Advantages of SSR in Clinical Trials
SSR provides several benefits when implemented correctly:
- Power preservation: Ensures trials remain adequately powered despite unexpected variability.
- Ethical efficiency: Prevents underpowered trials that could waste patient participation.
- Operational flexibility: Adjusts to real-world accrual and event rates without redesigning the trial.
- Regulatory credibility: Demonstrates proactive risk management during trial oversight.
Illustration: A vaccine program used blinded SSR to increase sample size after early variance estimates were higher than anticipated, ensuring final power remained above 90%.
Case Studies of Sample Size Re-estimation
Case Study 1 – Oncology Trial: At 40% events, conditional power calculations suggested only a 60% chance of success at the original sample size. An additional 500 patients were added to restore 90% power. Regulators approved the modification since it was pre-specified and independently reviewed by a DSMB.
Case Study 2 – Cardiovascular Outcomes Trial: Enrollment was slower than expected, reducing event accrual. Bayesian predictive probability models indicated higher sample size was required. FDA accepted the adaptation after simulations showed error rates remained within acceptable limits.
Case Study 3 – Vaccine Program: A pandemic vaccine trial applied blinded SSR after observing variance higher than expected in immunogenicity endpoints. EMA commended the proactive adjustment as ethically and scientifically justified.
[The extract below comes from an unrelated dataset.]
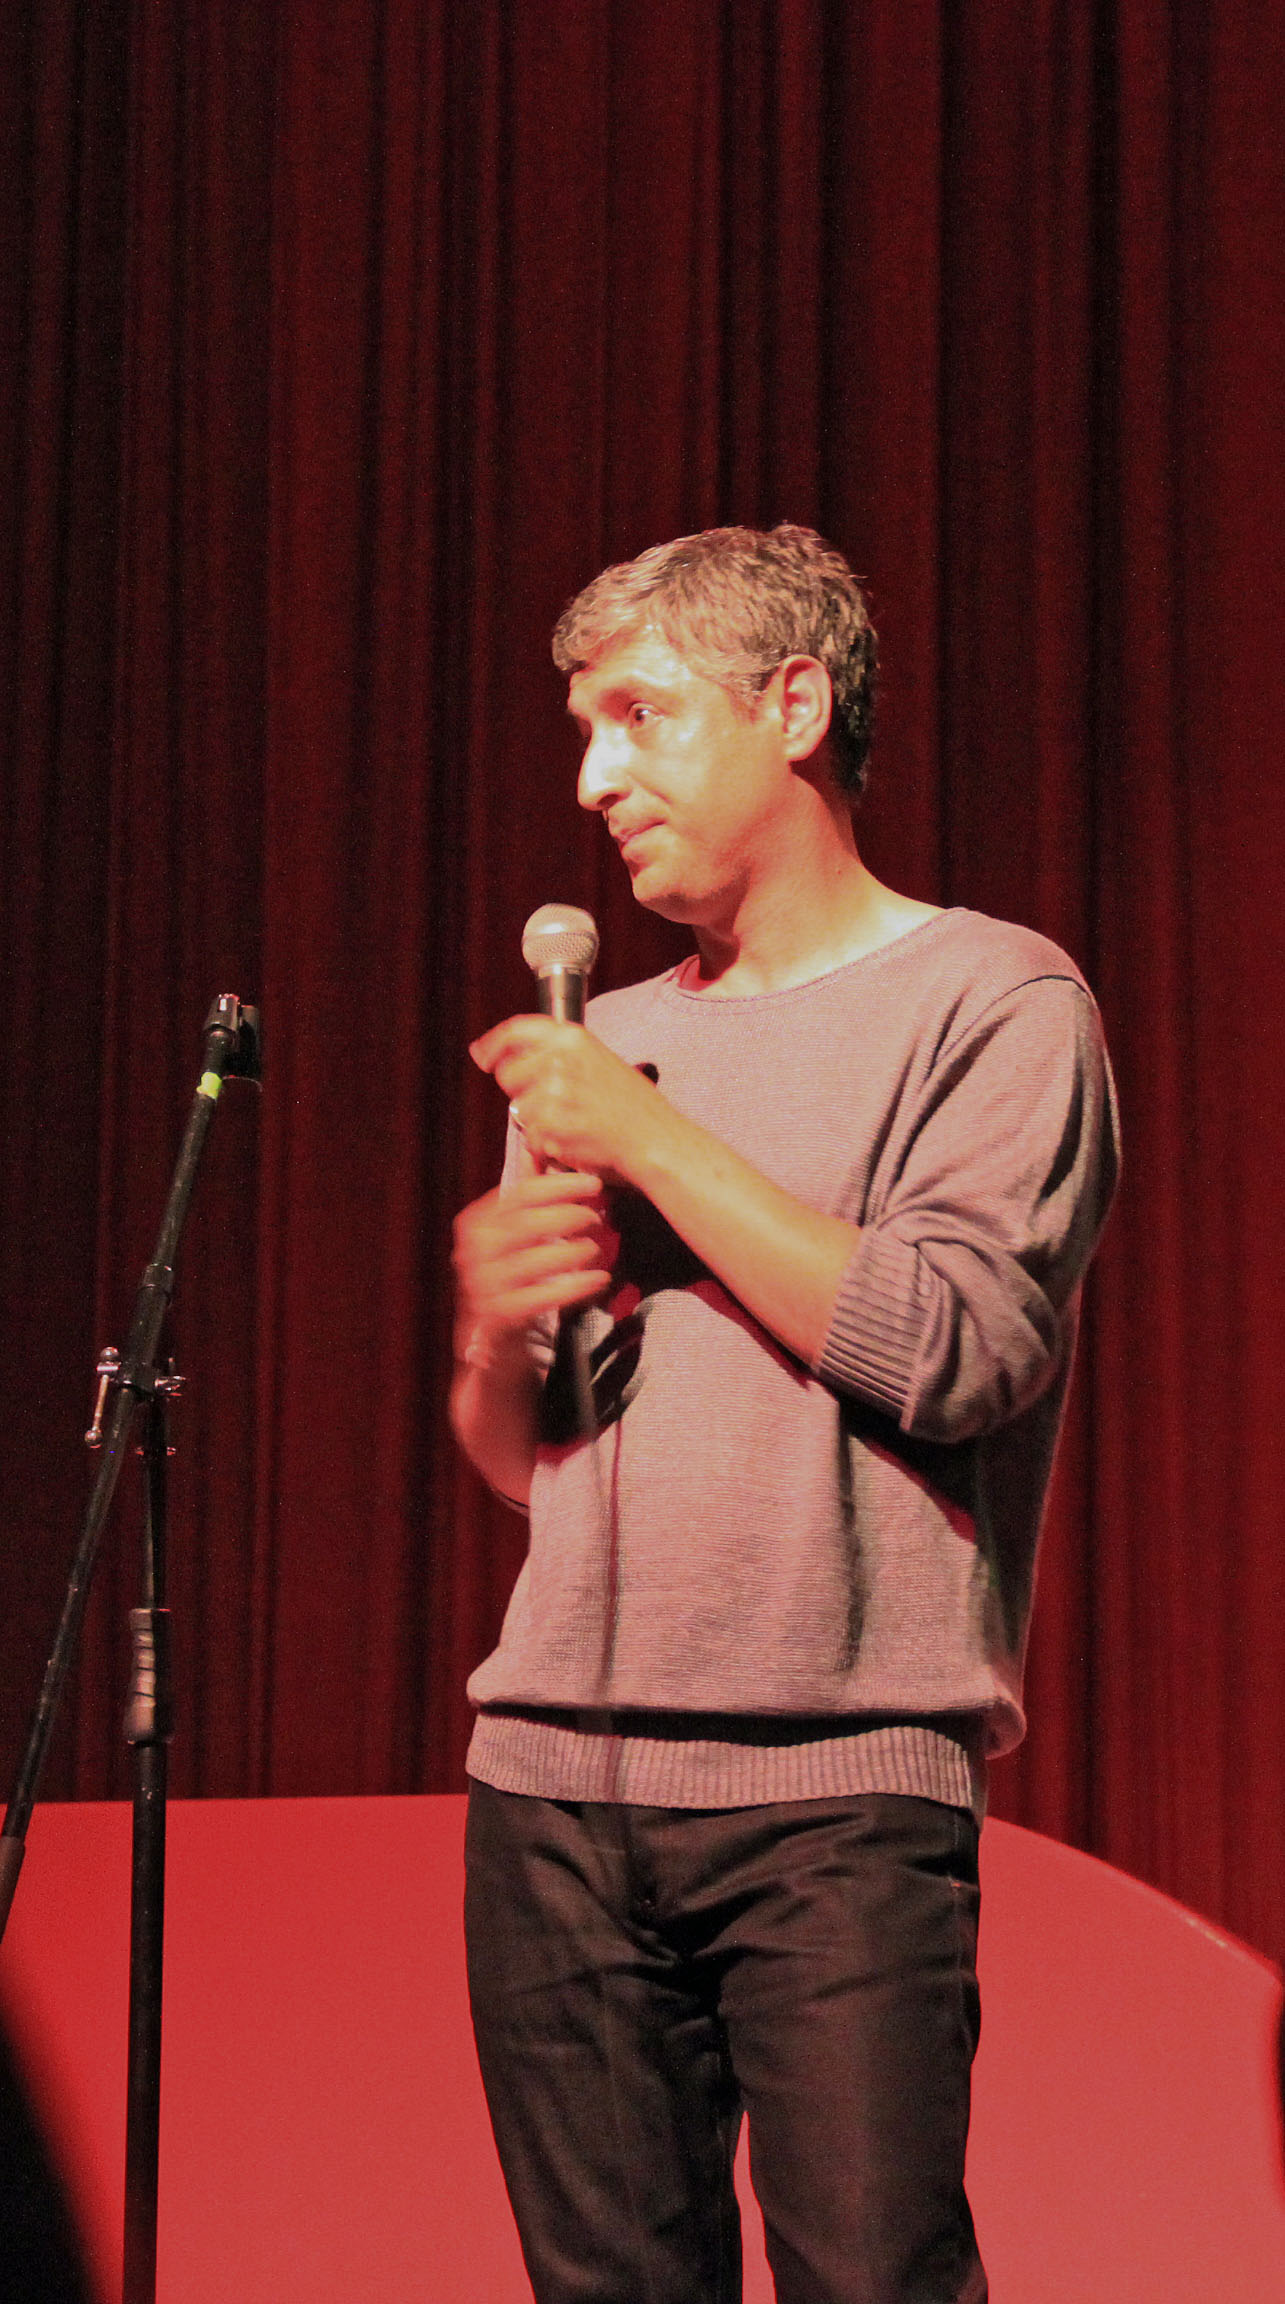 a man speaking with his microphone in front of a red curtain

Challenges in Implementing SSR
Despite advantages, SSR faces challenges:
- Bias risks: Unblinded SSR may inadvertently reveal treatment effects to sponsors, threatening trial integrity.
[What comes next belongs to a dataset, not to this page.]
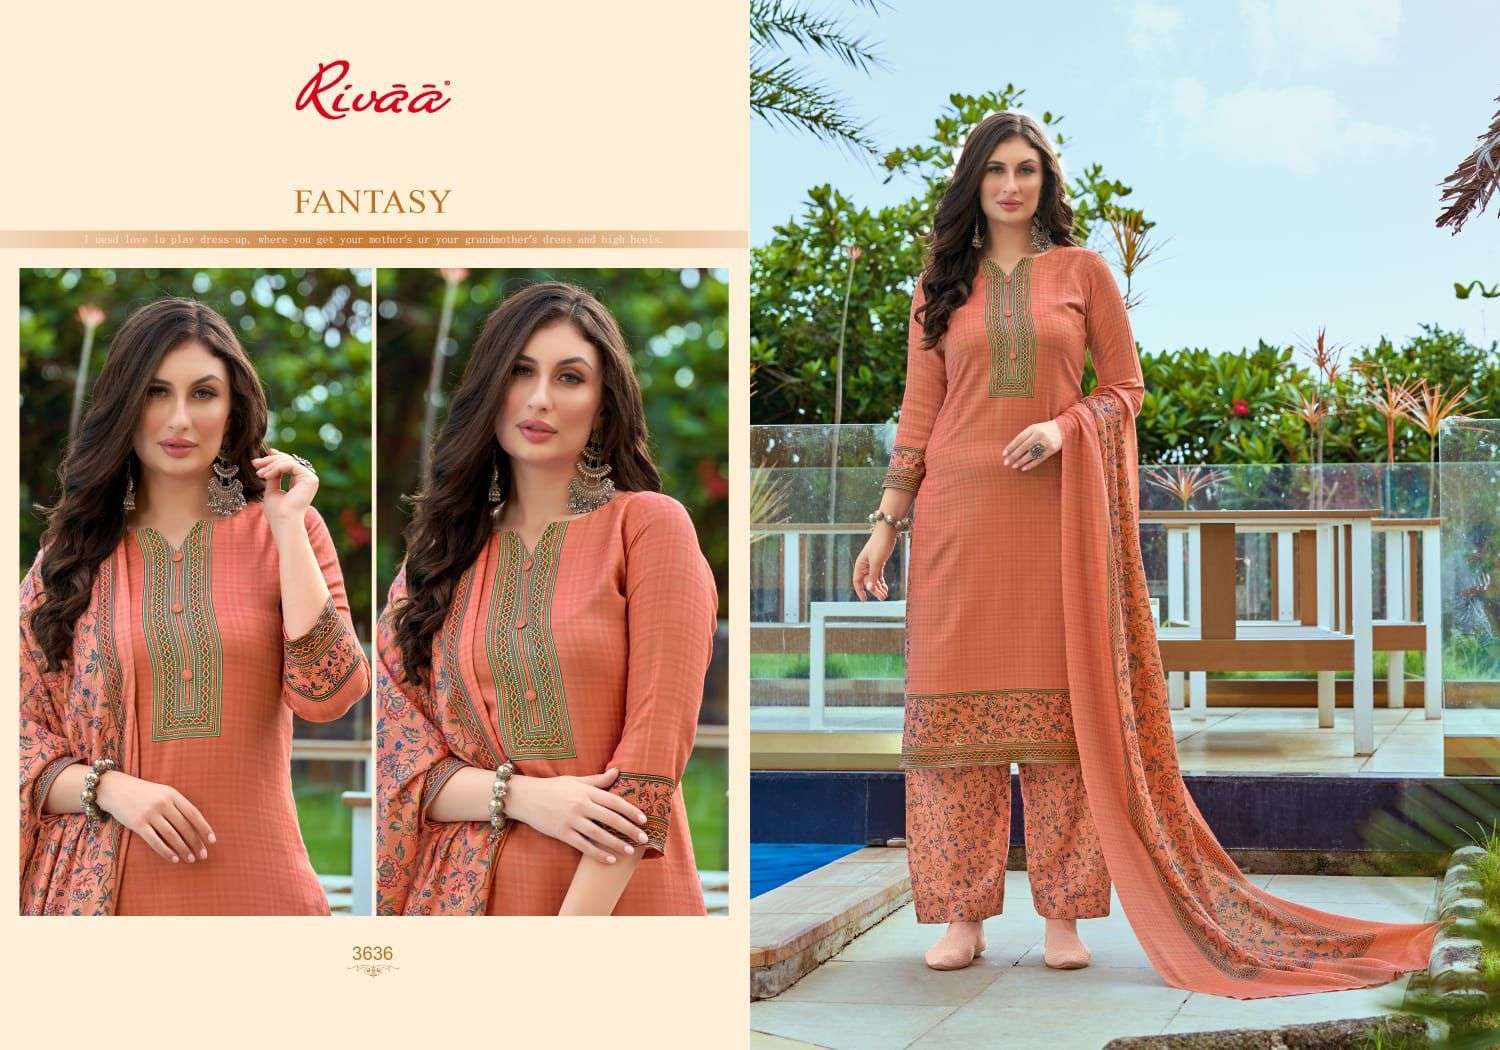 NIHAAR BY RIVAA 3636 TO 3642 SERIES BEAUTIFUL SUITS COLORFUL STYLISH FANCY CASUAL WEAR & ETHNIC WEAR PASHMINA DIGITAL PRINT DRESSES AT WHOLESALE PRICE

- Regulatory skepticism: Agencies scrutinize SSR to ensure decisions are not data-driven beyond pre-specification.
- Operational burden: Increasing sample size mid-trial requires logistical adjustments and cost implications.
- Statistical complexity: Combining SSR with other adaptations (e.g., arm dropping) requires extensive simulations.
For example, in a rare disease trial, regulators delayed approval of SSR due to concerns that adaptation rules were not sufficiently pre-specified.
Best Practices for Sponsors
To ensure regulatorily acceptable SSR, sponsors should:
- Pre-specify SSR rules in protocols and SAPs with detailed statistical justifications.
- Favor blinded SSR where feasible to minimize bias.
- Use independent DSMBs for unblinded adaptations.
- Run simulations demonstrating error control and power preservation.
- Document adaptations in Trial Master Files (TMFs) for inspection readiness.
One oncology sponsor created a master SSR appendix with detailed simulation outputs, which regulators praised as a model of transparency.
Regulatory and Ethical Consequences of Poor SSR
Poorly managed SSR may lead to:
- Regulatory rejection: Agencies may deem trial conclusions unreliable.
- Ethical issues: Participants may face unnecessary burdens if trials remain underpowered.
- Financial risks: Costs escalate with unnecessary sample size increases.
- Operational delays: Mid-trial SSR without planning can disrupt timelines.
Key Takeaways
Sample size re-estimation is a valuable adaptive tool when implemented correctly. To ensure compliance and credibility, sponsors should:
- Pre-specify adaptation rules in SAPs and DSM plans.
- Use simulations to validate SSR decisions across scenarios.
- Favor blinded SSR where possible to preserve integrity.
- Engage regulators early to align on acceptable strategies.
By embedding robust SSR strategies, sponsors can ensure that clinical trials remain adequately powered, ethical, and regulatorily compliant.